Pedals, your feet, and more?? Your posture, breathing, and whole body contribute to the ease (or not) with which you play piano. And piano pedals require integrating your feet into the instrument along with your hands.
Performance! How to perform, have showmanship, express things musically, and more. Performance is a major composite skill all on its own, even as it is a sub-skill of piano playing.
Some Other Common Composite Skills
Language fluency. If you have only ever learned one language—your native tongue—then it’s easy to overlook that it’s a composite skill; you learned it when you were still gaining your ability to form longterm memories, and with the natural fluidity of the very young. You need to attempt a foreign language as an older youth or an adult to really see all the separate skillsets needed to pull off a language (hearing, speaking, reading, writing). Foreign phonemes very quickly demonstrate the difficult, multifaceted nature of language.
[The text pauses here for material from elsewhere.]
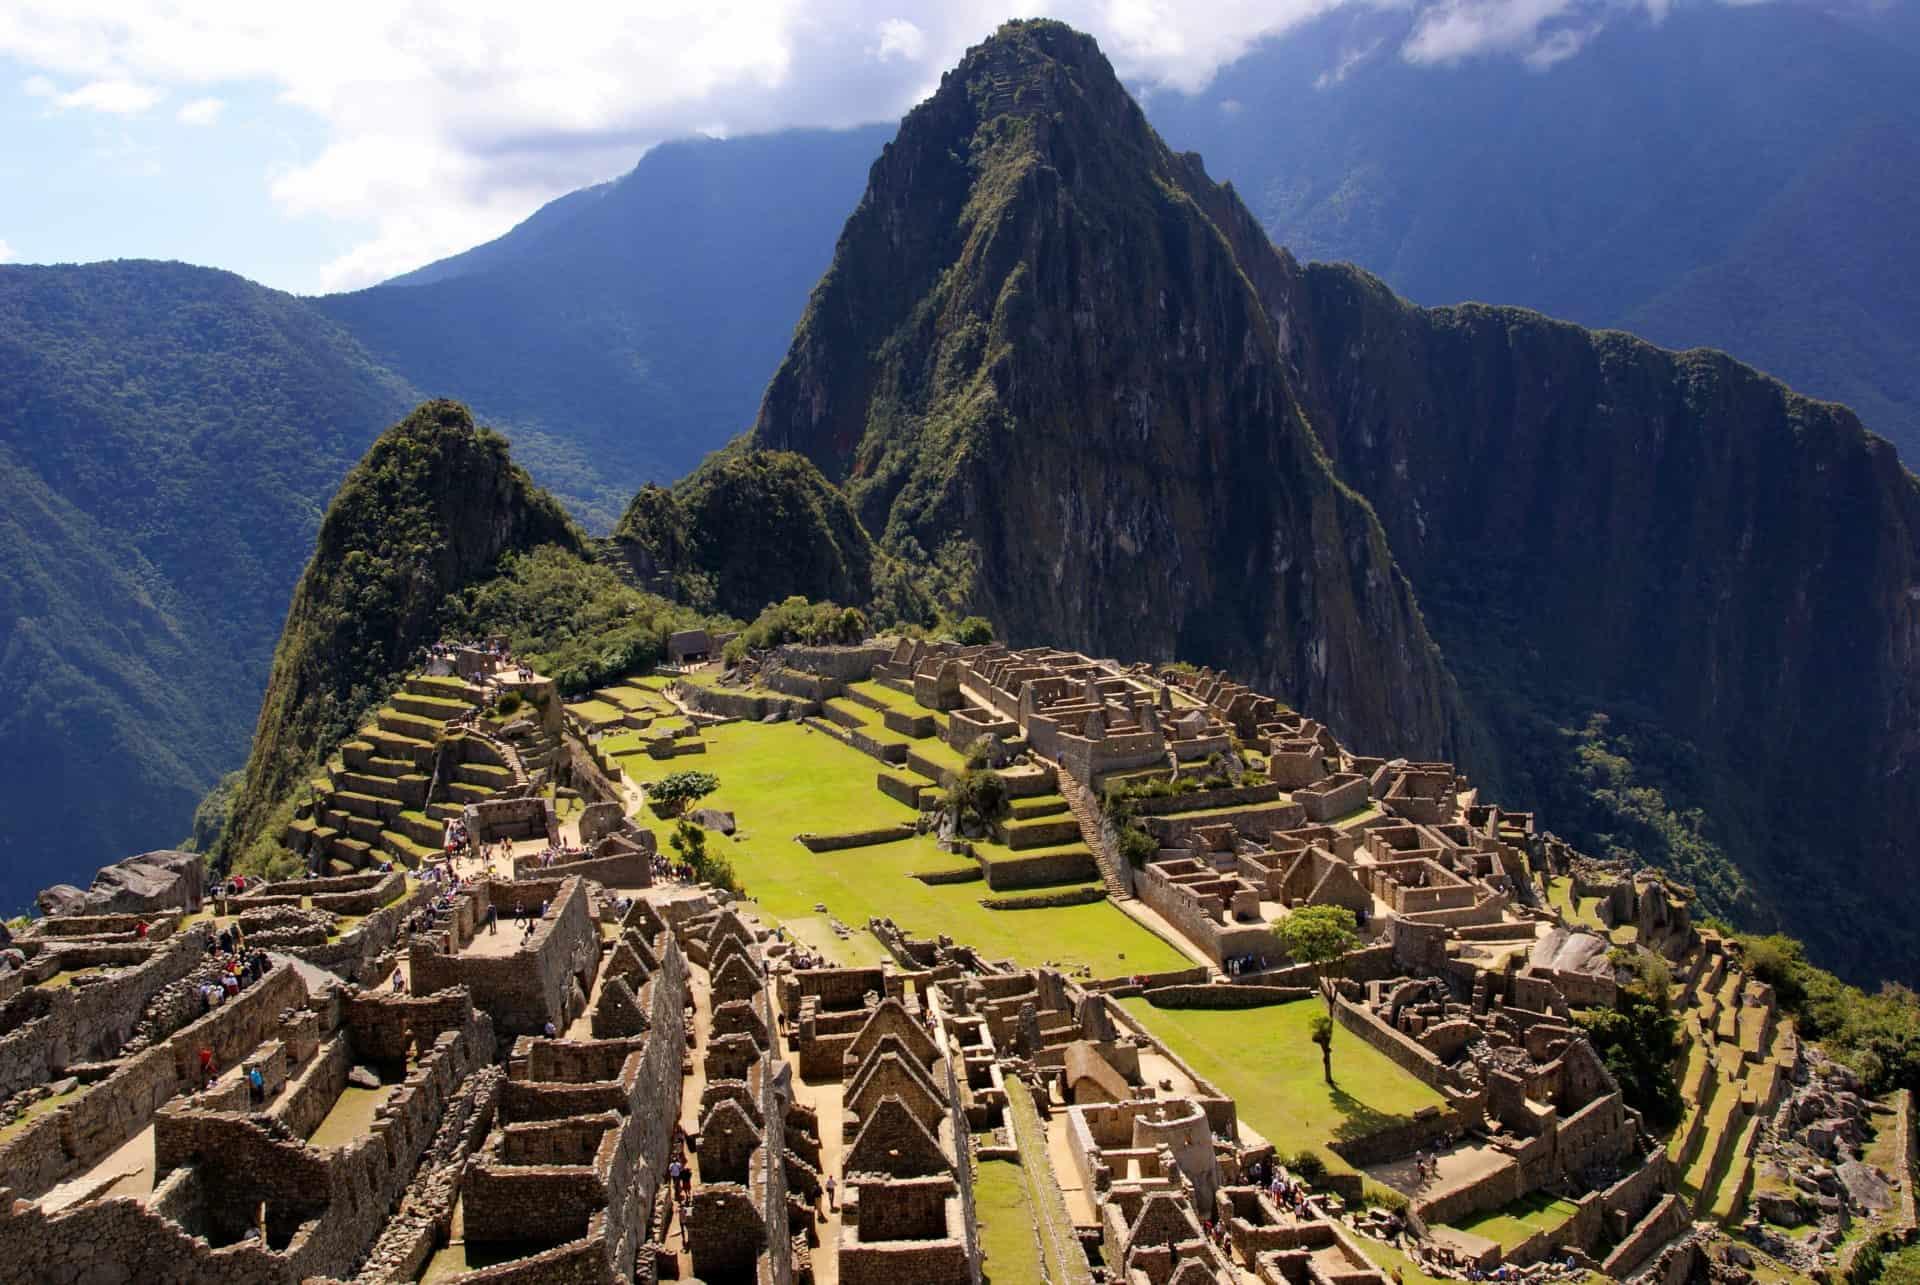 Salkantay – The lesser known but more enjoyable trek to Machu Picchu
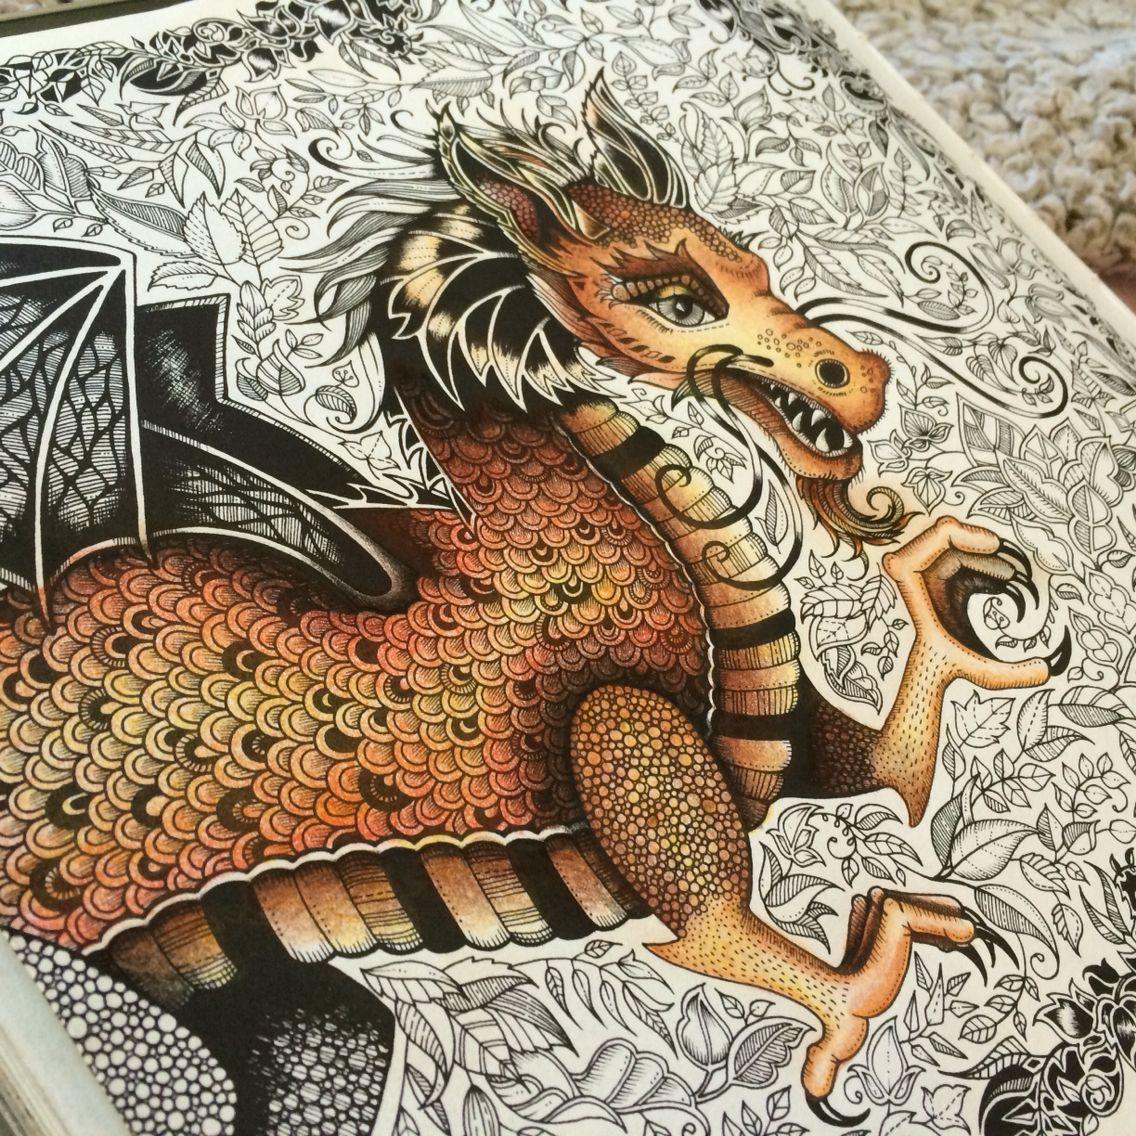 enchanted forest dragon original - photo #3

Reading (see my thread). Reading well is not straightforward, and most people don’t do it! Also note: reading is a composite skill that is also a sub-skill of language mastery.
The Piano’s Lessons
Composite skills are everywhere, and most things are composite in one way or another. In the face of this, you should be curious about all the sub-skills that lurk beneath the observed surface of your behavioral world. More broadly: you should always question what unseen dependencies/components accompany that which is seen. This requires noticing, curiosity, and wonder.
However: the piano’s lessons aren’t just fun facts. They are vital for a resilient, enduring psychological posture.
If you fall to the monolith fallacy—treating everything as one big thing, rather than many sub-things, most things will look beyond your ability. You will feel weaker, less intelligent, and less capable than you actually are. The monolith fallacy forces you to attempt to eat the elephant all in one bite, rather than in many small ones.
But life, like the piano, is composite.3 We are all more capable than we suspect.
We all have physical and mental limits imposed by our own biology, but usually people stop learning a new skill well before those limits. In the first instance, most people don’t even explore enough to have a sense of their own limits!
I wrote about the monolith fallacy in the context of politics here; it has many of the same consequences you’d expect based on the contents of this essay, although I directly discuss the monolith fallacy’s relationship to anti-concreteness, scope, and resolution in the politics version of this essay.